Faz sentido que seja assim. O próprio Monteiro Lobato bebeu sofregamente na fonte do domínio público para realizar sua obra. “Os Doze Trabalhos e Hércules” e “O Minotauro” são alguns grandes exemplos.

Nada mais justo que, agora, outros escritores e criadores possam beber na fonte do seu trabalho. Vale torcer para que haja uma renascença da sua obra, que agora pode ser não só reeditada mas também reinventada.

Mais do que isso, 2019 é importante porque marca o fim da “moratória” do domínio público que aconteceu nos Estados Unidos. Explico. Em 1998, os EUA tomaram uma decisão bizarra de aumentar o prazo de proteção do direito autoral em 20 anos, expandindo a proteção para 95 anos.

Essa controversa decisão foi tomada para proteger Mickey Mouse, cuja versão mais antiga aparece no desenho animado “Steamboat Willie”, que cairia em domínio público em 2004. Em razão disso, um forte lobby fez com que o Congresso dos EUA ampliasse a proteção por mais 20 anos.

Só que, ao impedir que Mickey fosse promovido ao domínio público, essa mudança preveniu também que um amplo conjunto de obras seguisse o mesmo caminho. Em outras palavras, a humanidade teve de esperar por 20 anos para que os poemas de Robert Frost ou obras de F. Scott Fitzgerald finalmente voltassem a se aproximar do domínio público.

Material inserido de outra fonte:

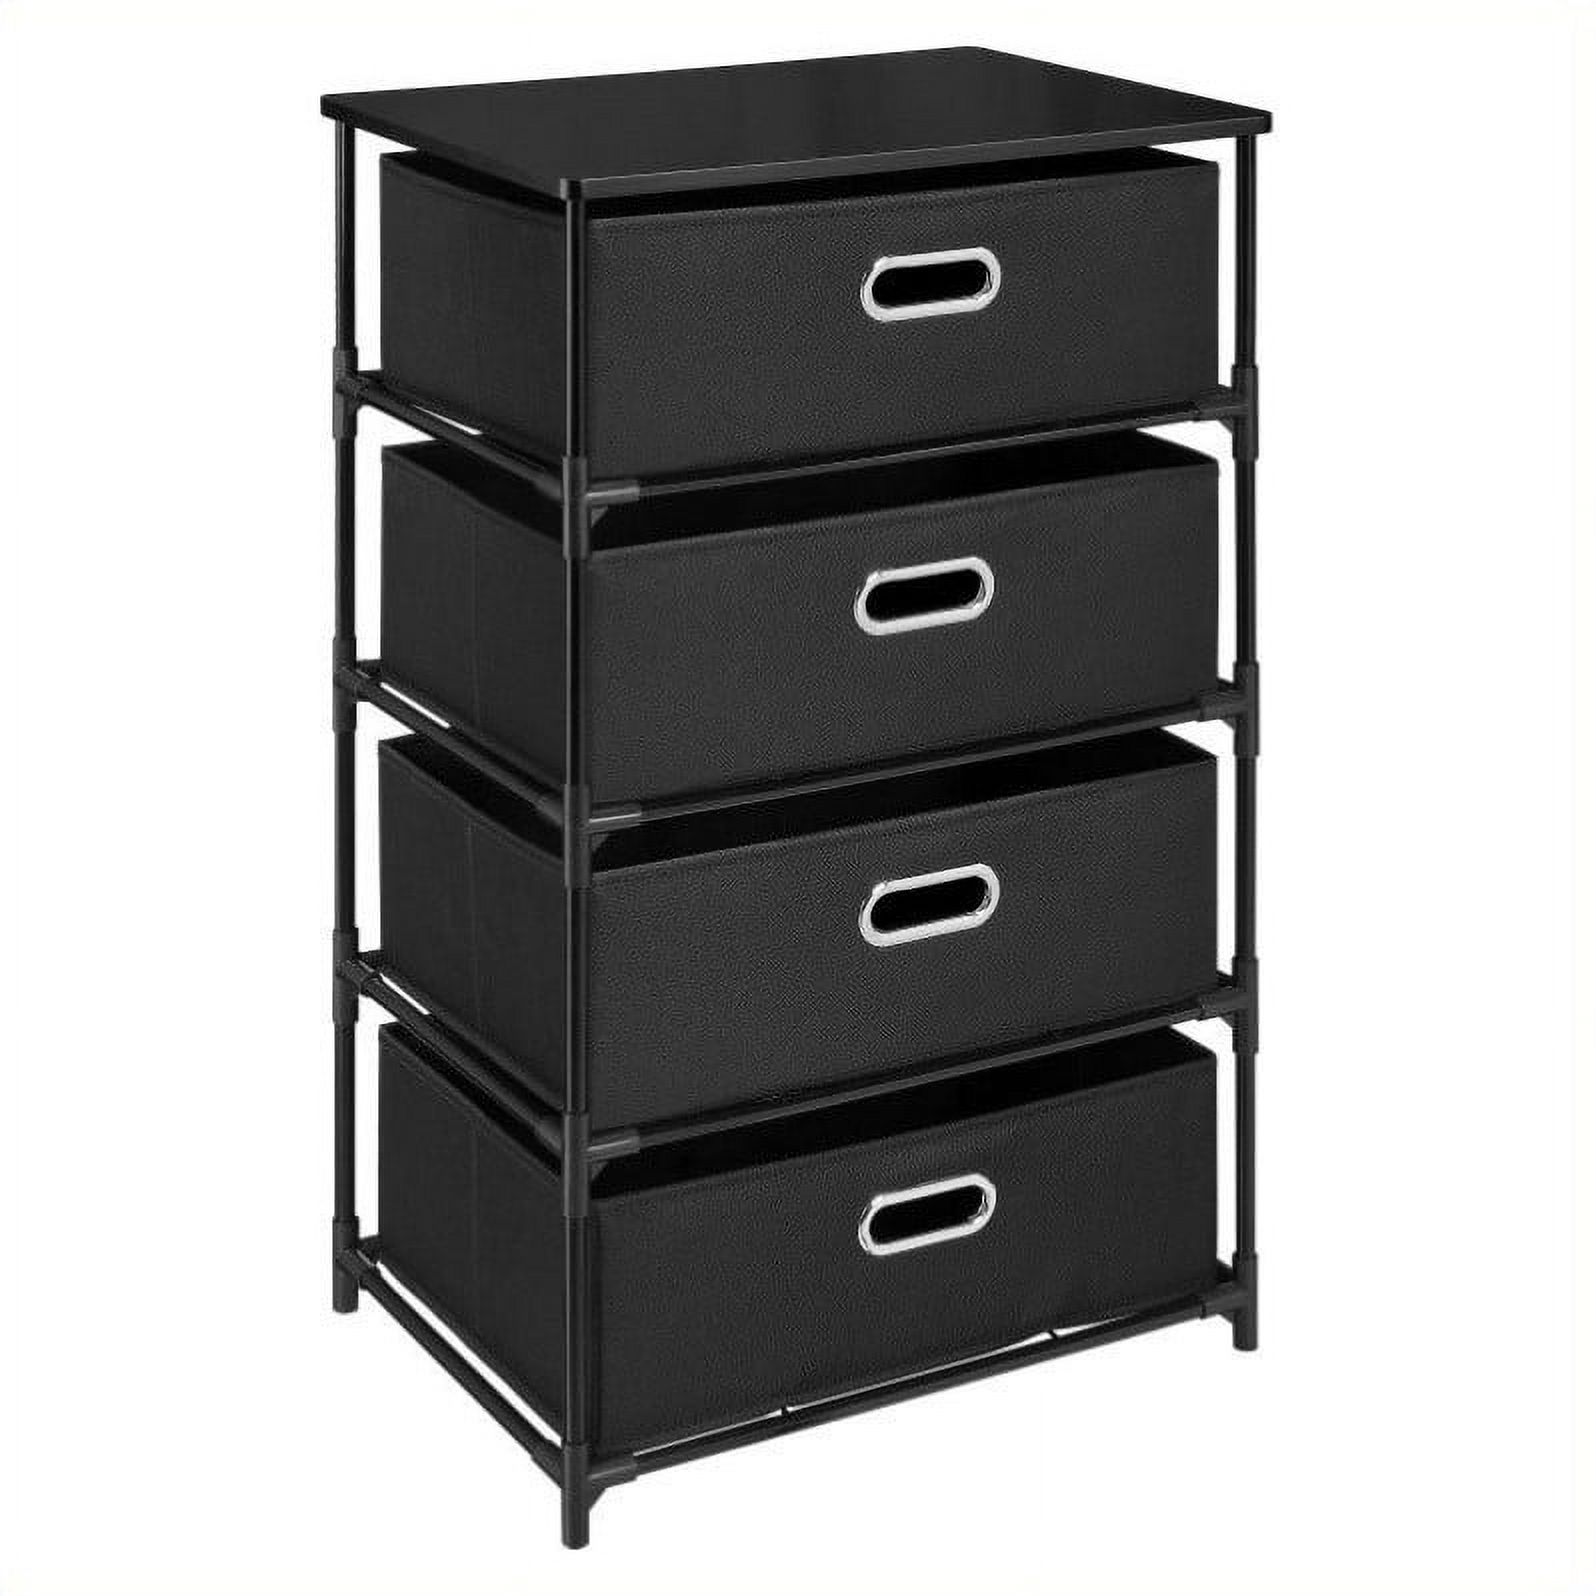 Altra Furniture 4 Bin Storage End Table in Black - image 1 of 3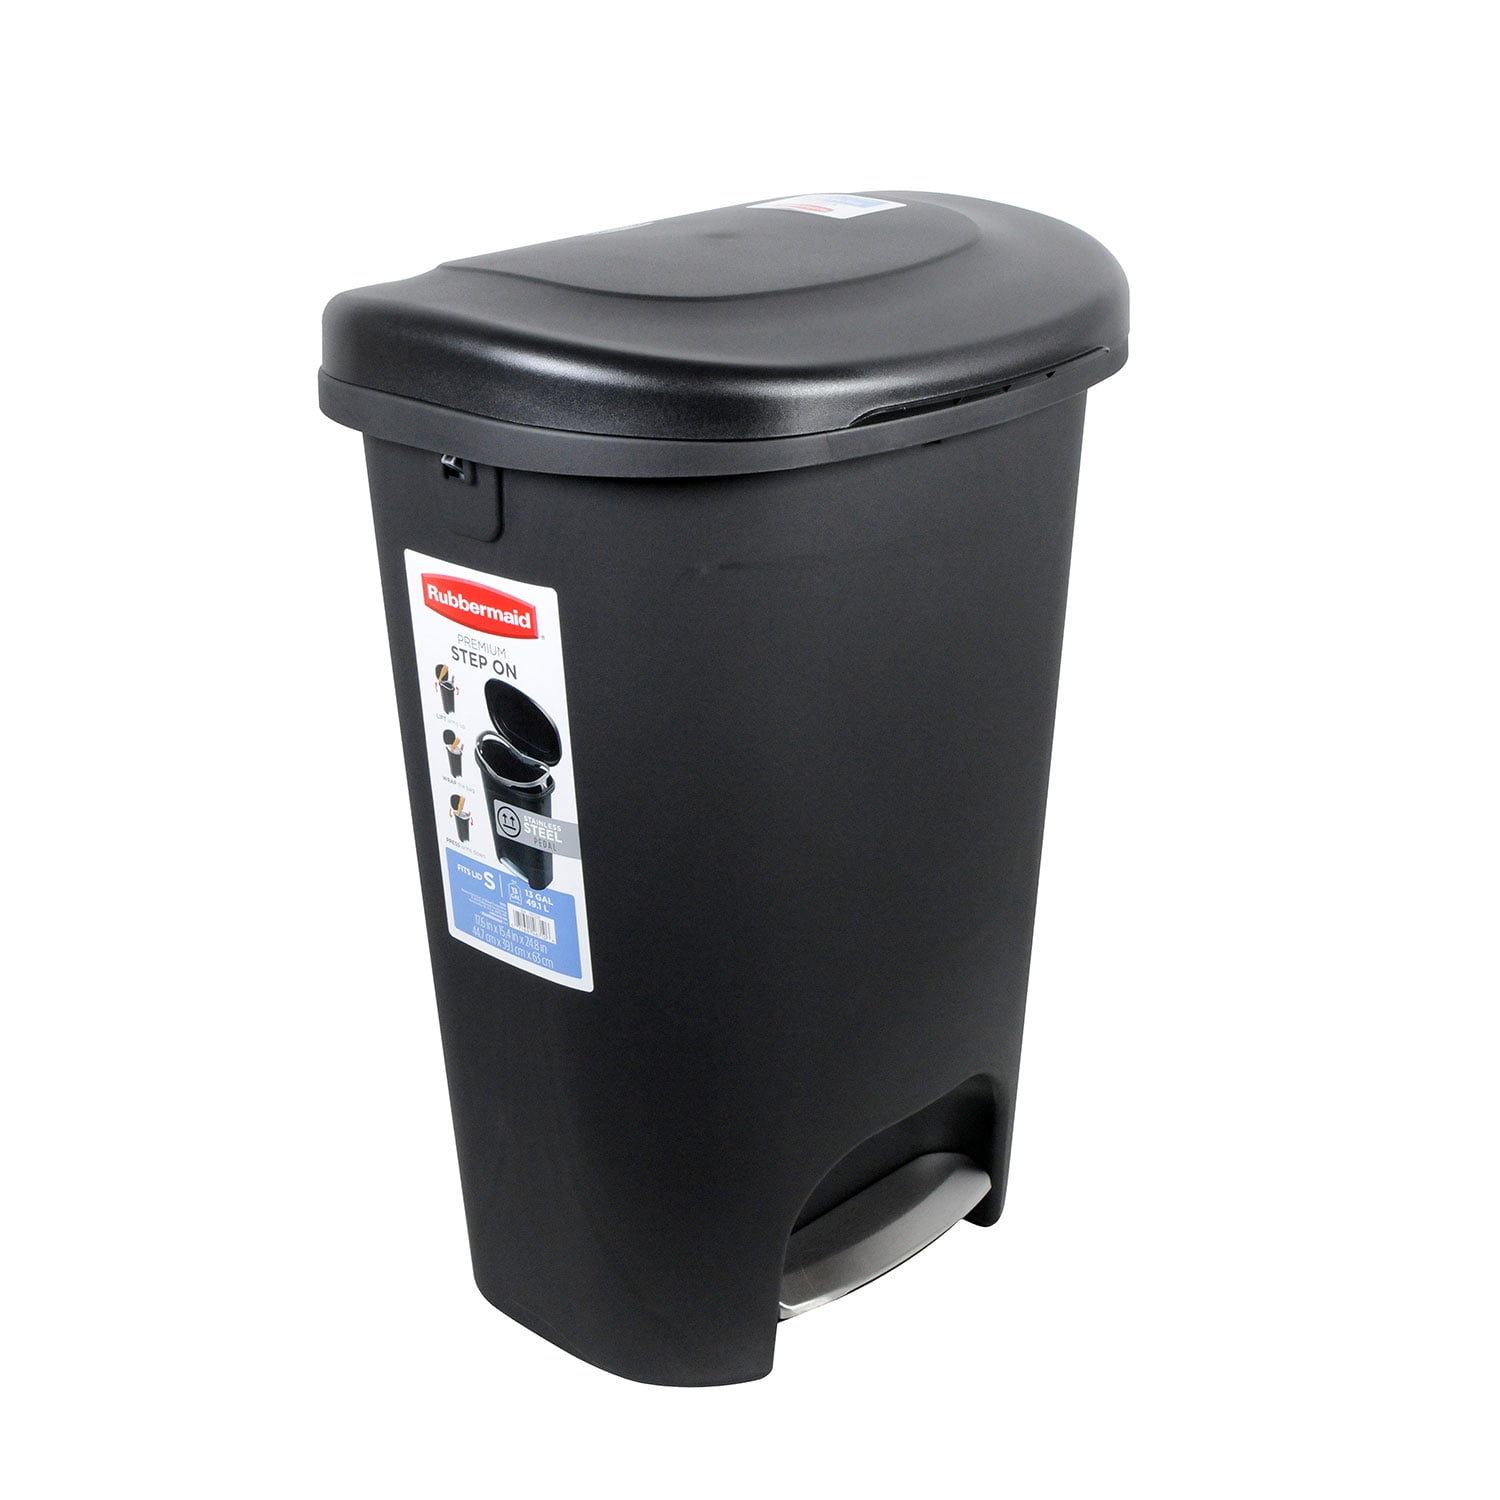 RUBBERMAID Black Foot Pedal Trash Can 13 Gallon Garbage Bin Waste

Pois bem, o momento chegou, e a partir de 2019 começam a entrar em domínio público criações essenciais. Na safra deste ano, temos “Os Dez Mandamentos”, de Cecil B. DeMille, os livros “Assassinato no Campo de Golfe”, de Agatha Christie, e “Mrs Dalloway”, de Virginia Woolf. Ou ainda as “Sonatas para Violino 1 e 2”, de Béla Bartók.

Em 1º de janeiro de 2020, entra em domínio público “Rhapsody in Blue”, de George Gershwin, música que se tornou um hino universal da cidade de Nova York.

Em outras palavras, todo início de ano é tempo de dizer não só “feliz ano novo” mas também “feliz domínio público”. É esse instituto que permite que o legado de uma geração seja transmitido para outra.